Rob Saric is an experienced entrepreneur that is passionate about startups, product design and all things related to the business of software.

The general answer to that question is no. I highly recommend arriving at an agreement to pay agencies for their pitches whenever possible if they’re going to be providing consultations, storyboards, mock ups, etc. However, if a client is basing their choice simply on your portfolio then I don’t see the need but if there are new ideas coming to the table, they should be compensated for the effort assuming you’ve agreed on the process beforehand.

The core issue here is respect. When you have respect and open communication between client and agency it leads to better work in my experience.  Quite simply agencies produce better work for clients they respect.
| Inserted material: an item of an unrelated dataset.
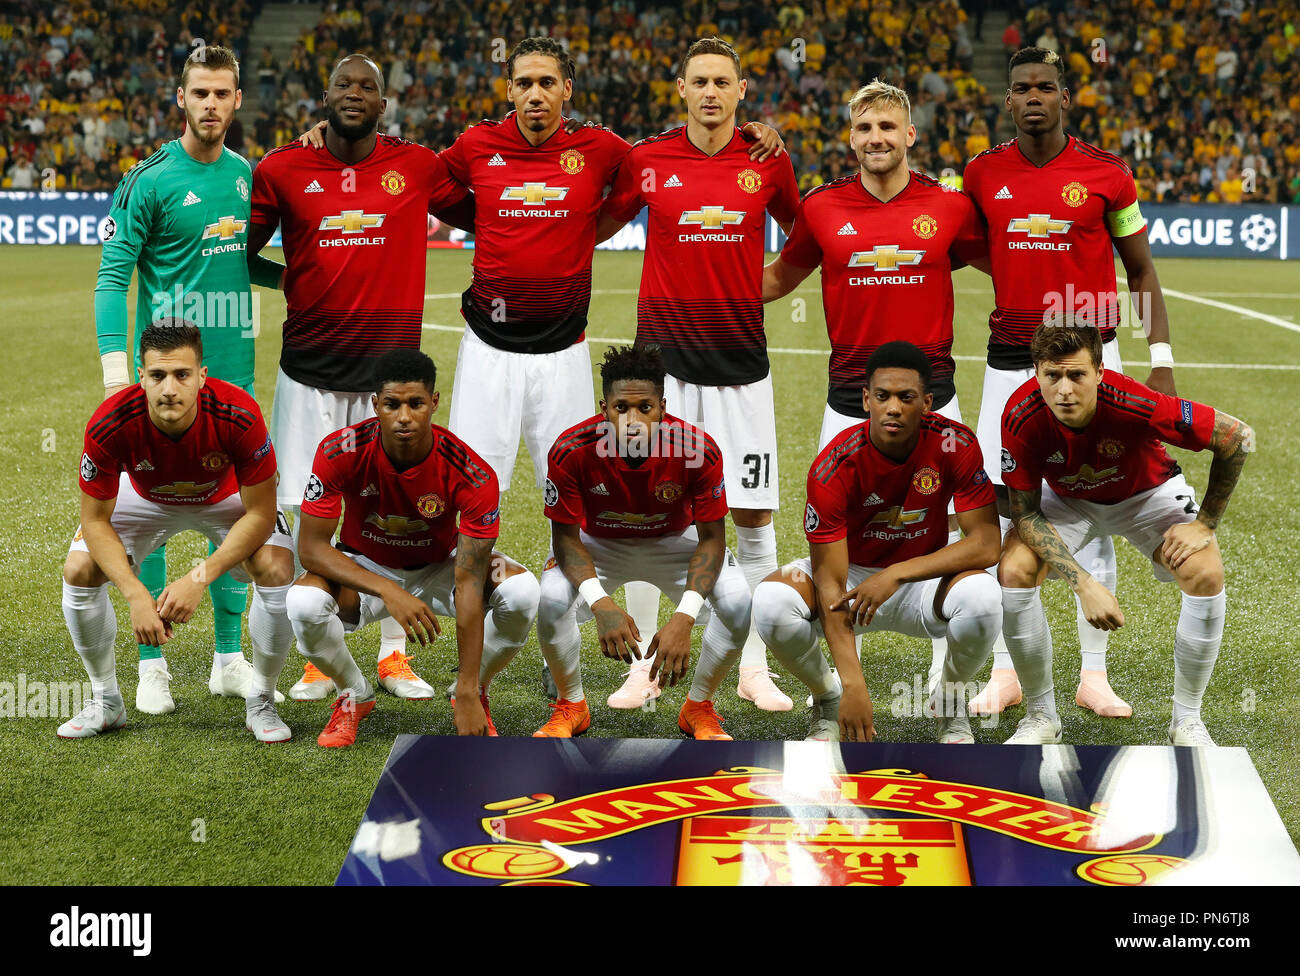 Bern, Switzerland. 19th Sep, 2018. Manchester United's players pose for group photos before the UEFA Champions League Group H match between BSC Young Boys and Manchester United at the Stade de Suisse Stadium in Bern, Switzerland, Sept. 19, 2018. Manchester United won 3-0. Credit: Ruben Sprich/Xinhua/Alamy Live News Stock Photo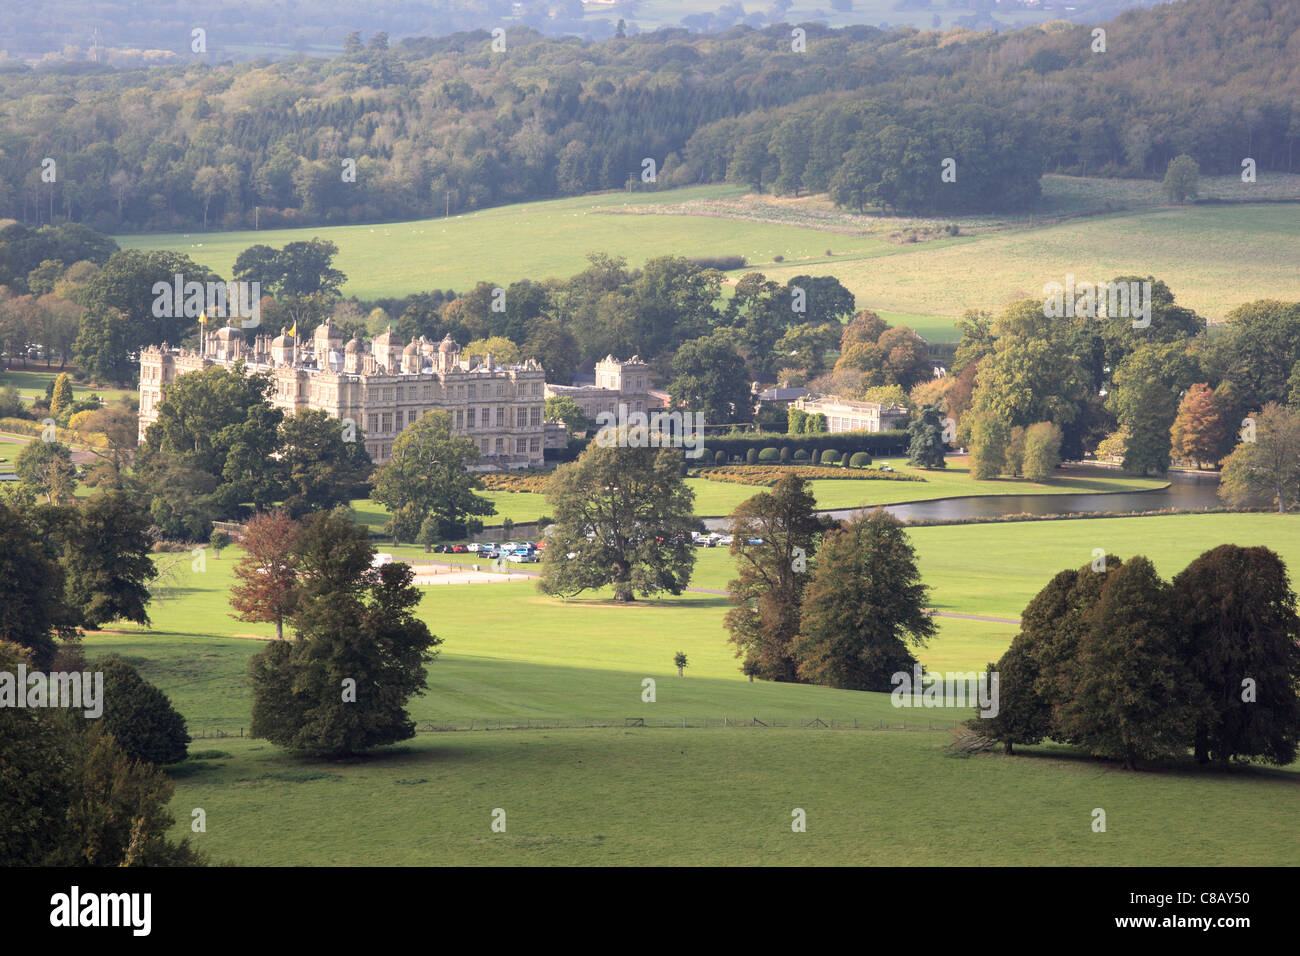 View from Heavens Gate towards Longleat House, Warminster, Wiltshire, England, UK Stock Photo

Giving free services away in anticipation of future business with that person communicates desperation and gives a perception of low value. If a prospective client does not want to pay full cost – or any cost, for that matter – you may still offer the following:

1.  Quid-pro-quo: Something for something

What of this prospect’s products or services can it offer you in exchange? If none, can the prospect offer you a one-time look at his/her client and contact list, so that you may send a letter, signed by the prospect, singing your praises? If not, don’t give your services away.

2.  Offer to sell the prospect a smaller scale project

Once the prospect has paid for that project and likes the work you did, offer to roll out the remainder of the project for the difference in cost.

3. Be prepared to walk.

In these tough economic times, money’s tight. Resist the temptation to discount or give away. Besides, even if you do win business with this prospect, he/she will be so tough to work with, it won’t even be worth the money, and they’ll detract you from the prospects that do have money for your services.

Spec work (or work on speculation is defined as any requested work for which a fair and reasonable fee has not been agreed upon, preferably in writing) depreciates the product, reduces company morale and sets an uncomfortable precedent for future business relationships. Your investments of time and effort comprise equity.

The exception to the rule, of course, is if you would be offering your services to a non-profit (NPO) or charitable organization that you have a genuine and sincere empathy towards.